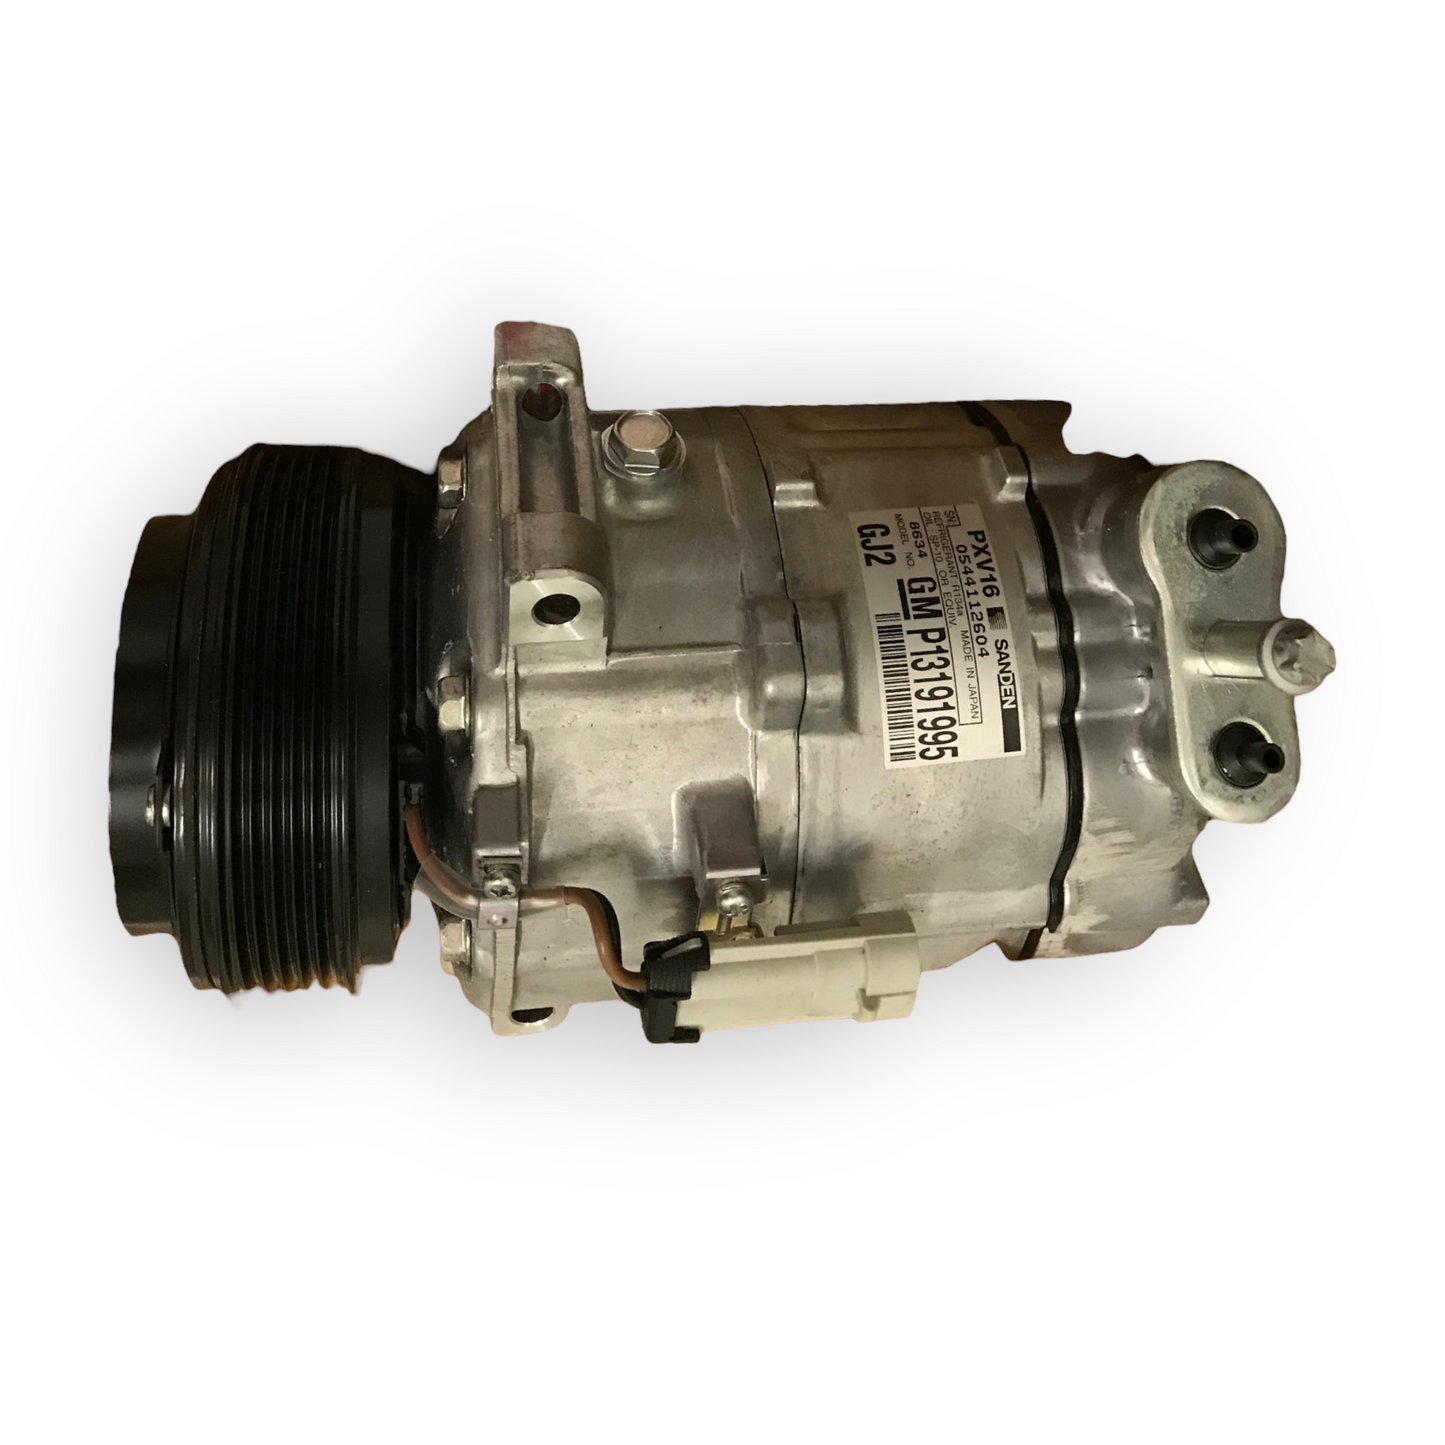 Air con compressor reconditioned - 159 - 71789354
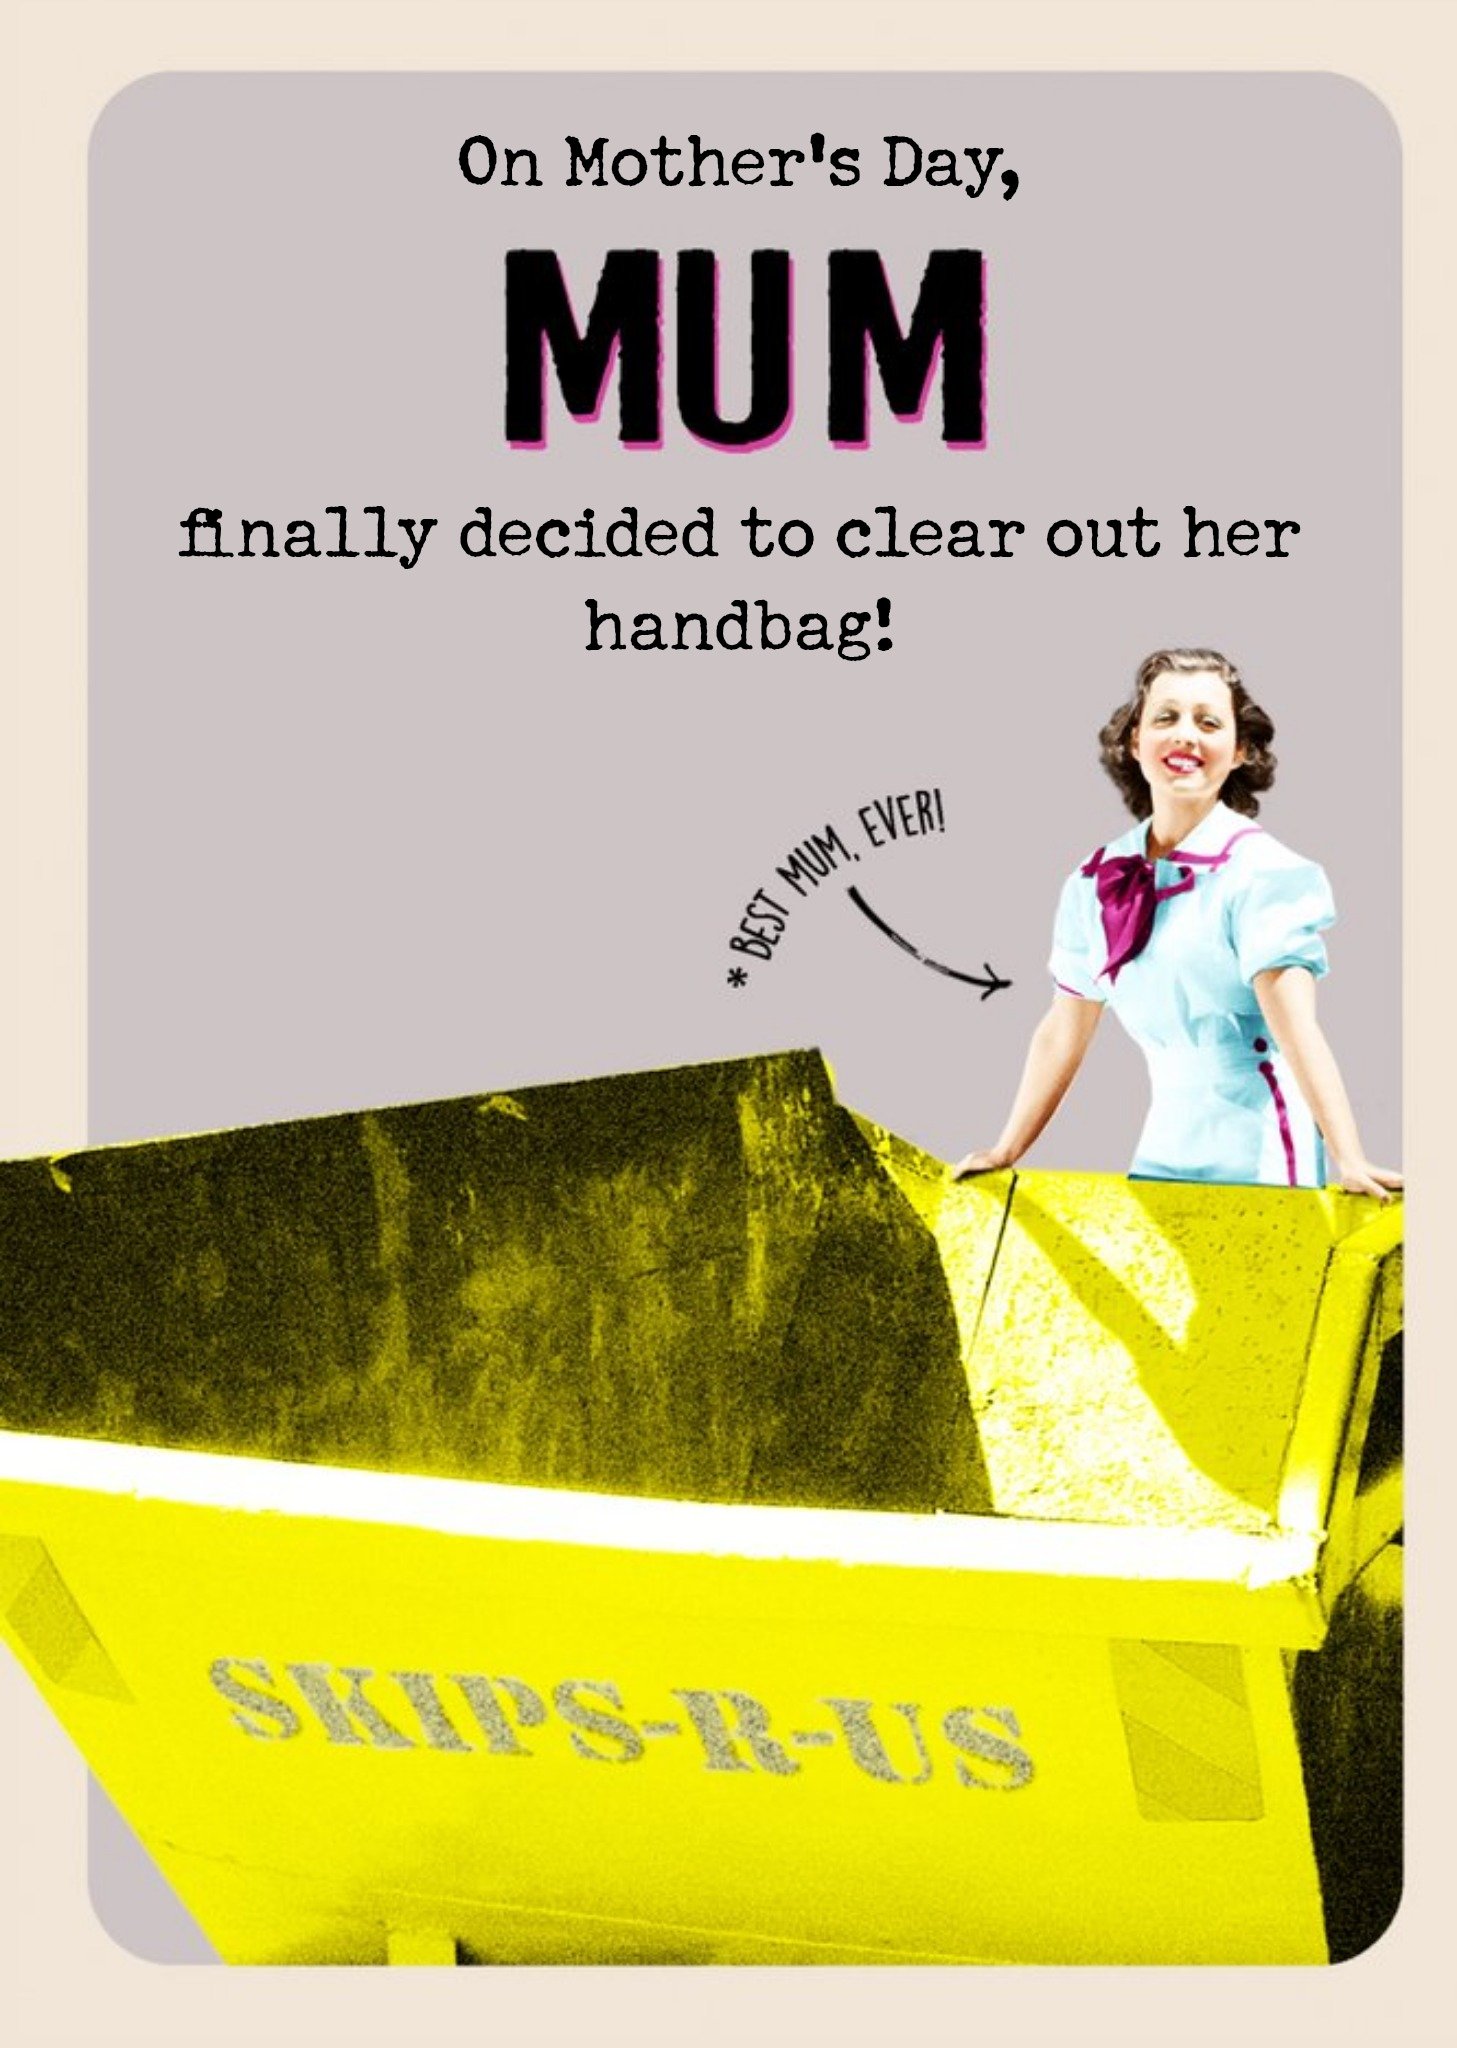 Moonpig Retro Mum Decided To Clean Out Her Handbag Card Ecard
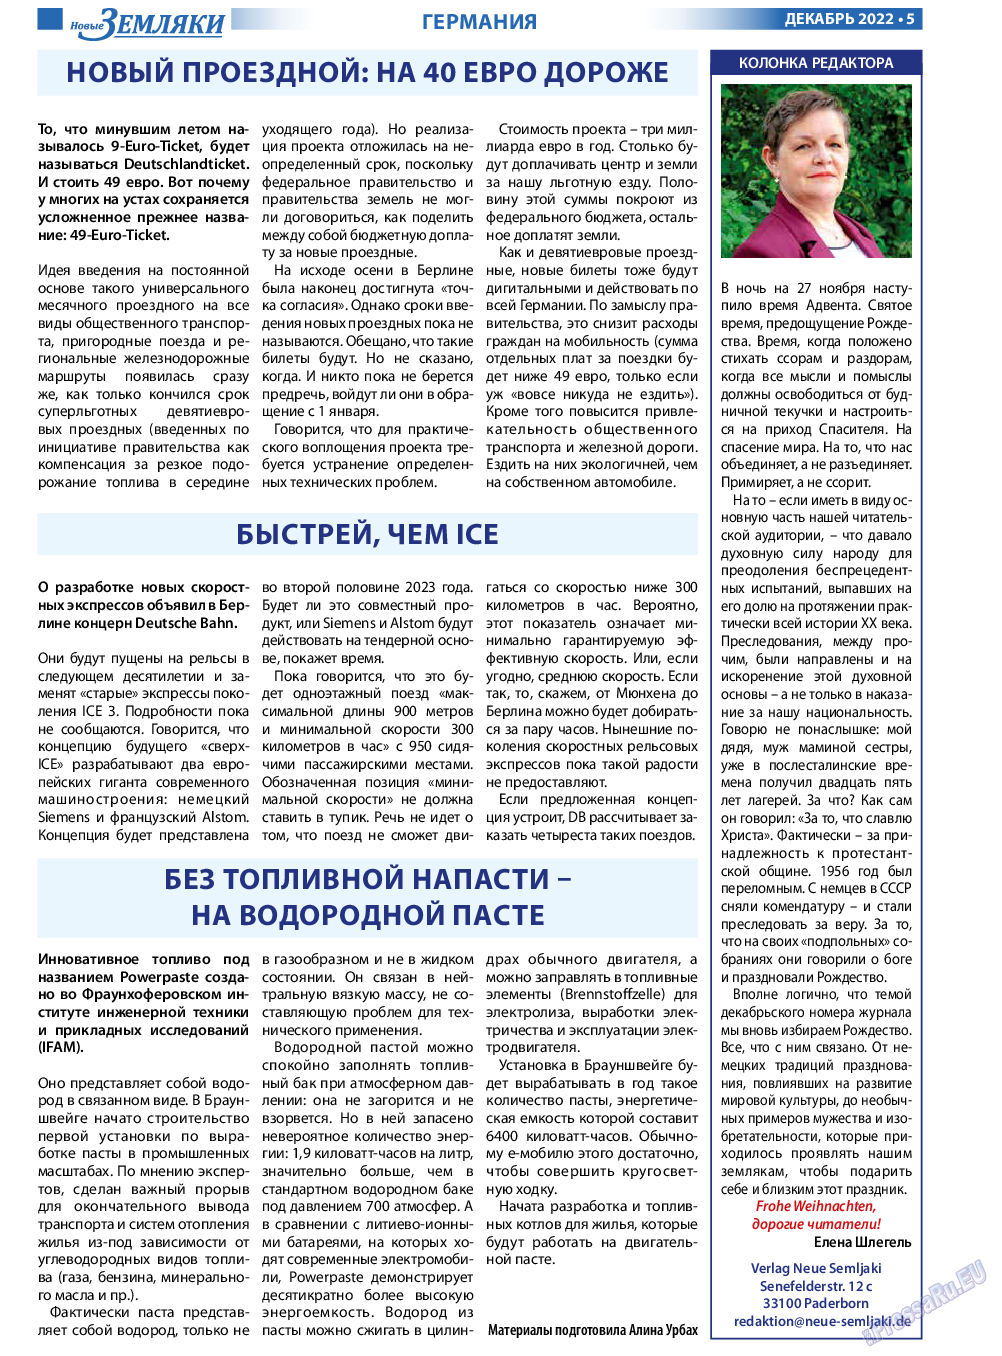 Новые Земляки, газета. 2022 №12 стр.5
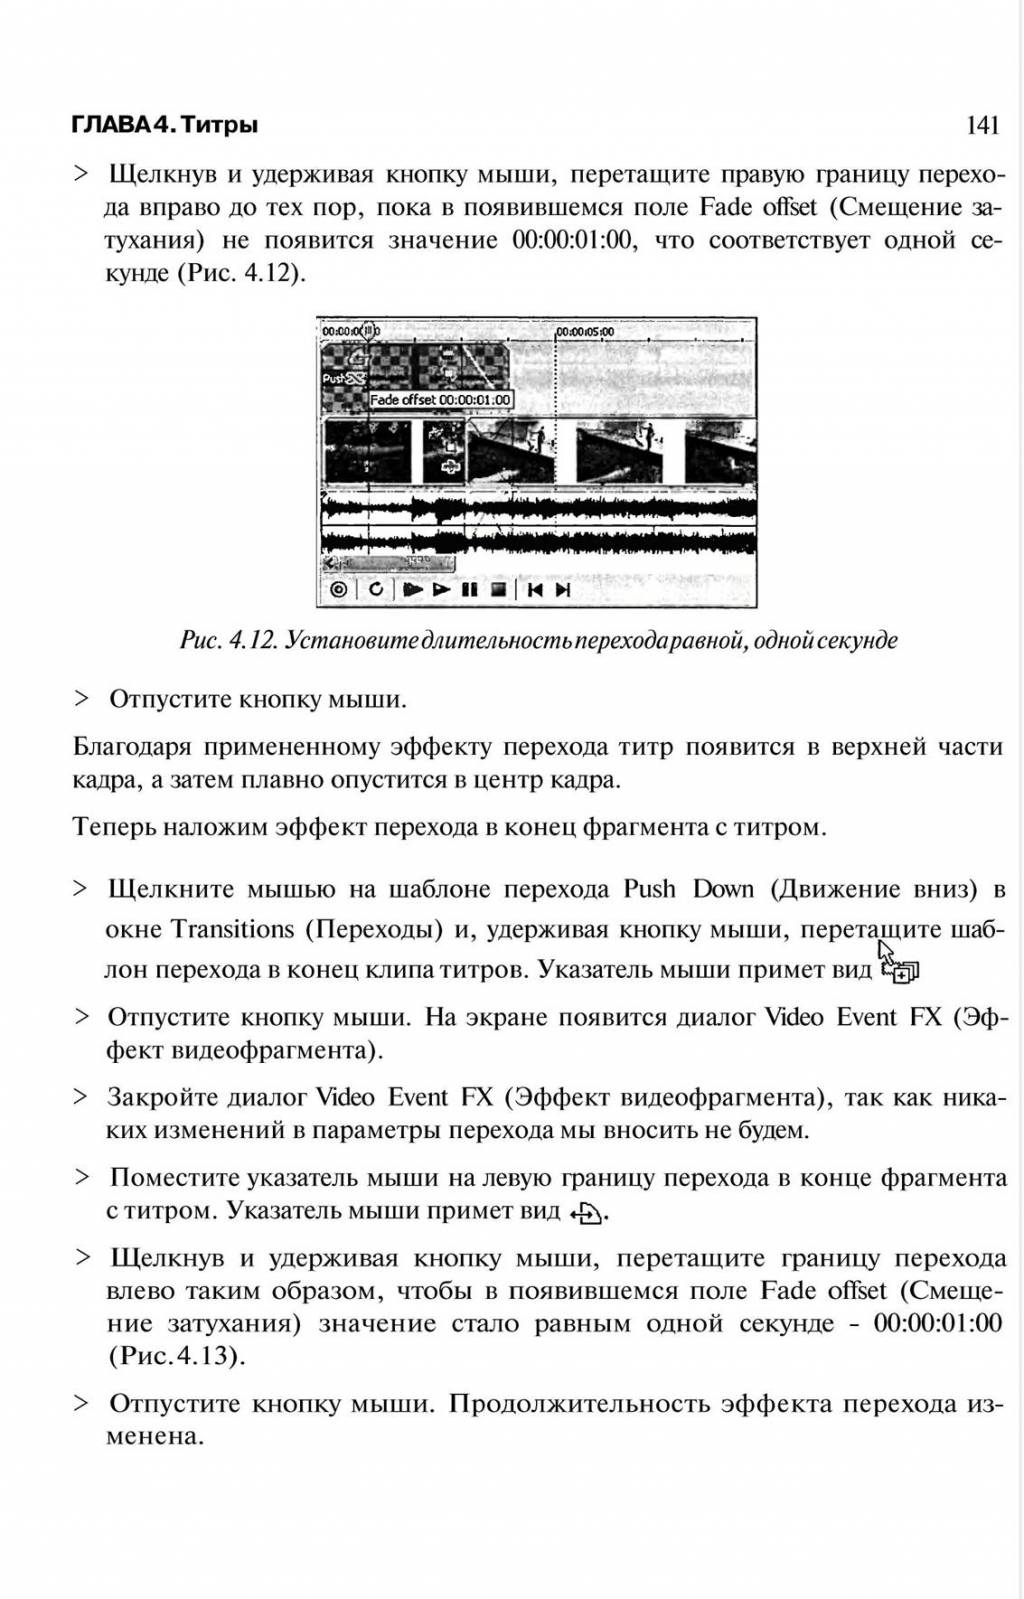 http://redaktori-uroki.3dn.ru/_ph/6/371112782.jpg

[Work required] Drop every picture from the data, then output all the rest exactly.

[Output for this exercise]
 Air con compressor reconditioned - 159 - 71789354
 Moonpig Retro Mum Decided To Clean Out Her Handbag Card Ecard
 Новые Земляки, газета. 2022 №12 стр.5
 http://redaktori-uroki.3dn.ru/_ph/6/371112782.jpg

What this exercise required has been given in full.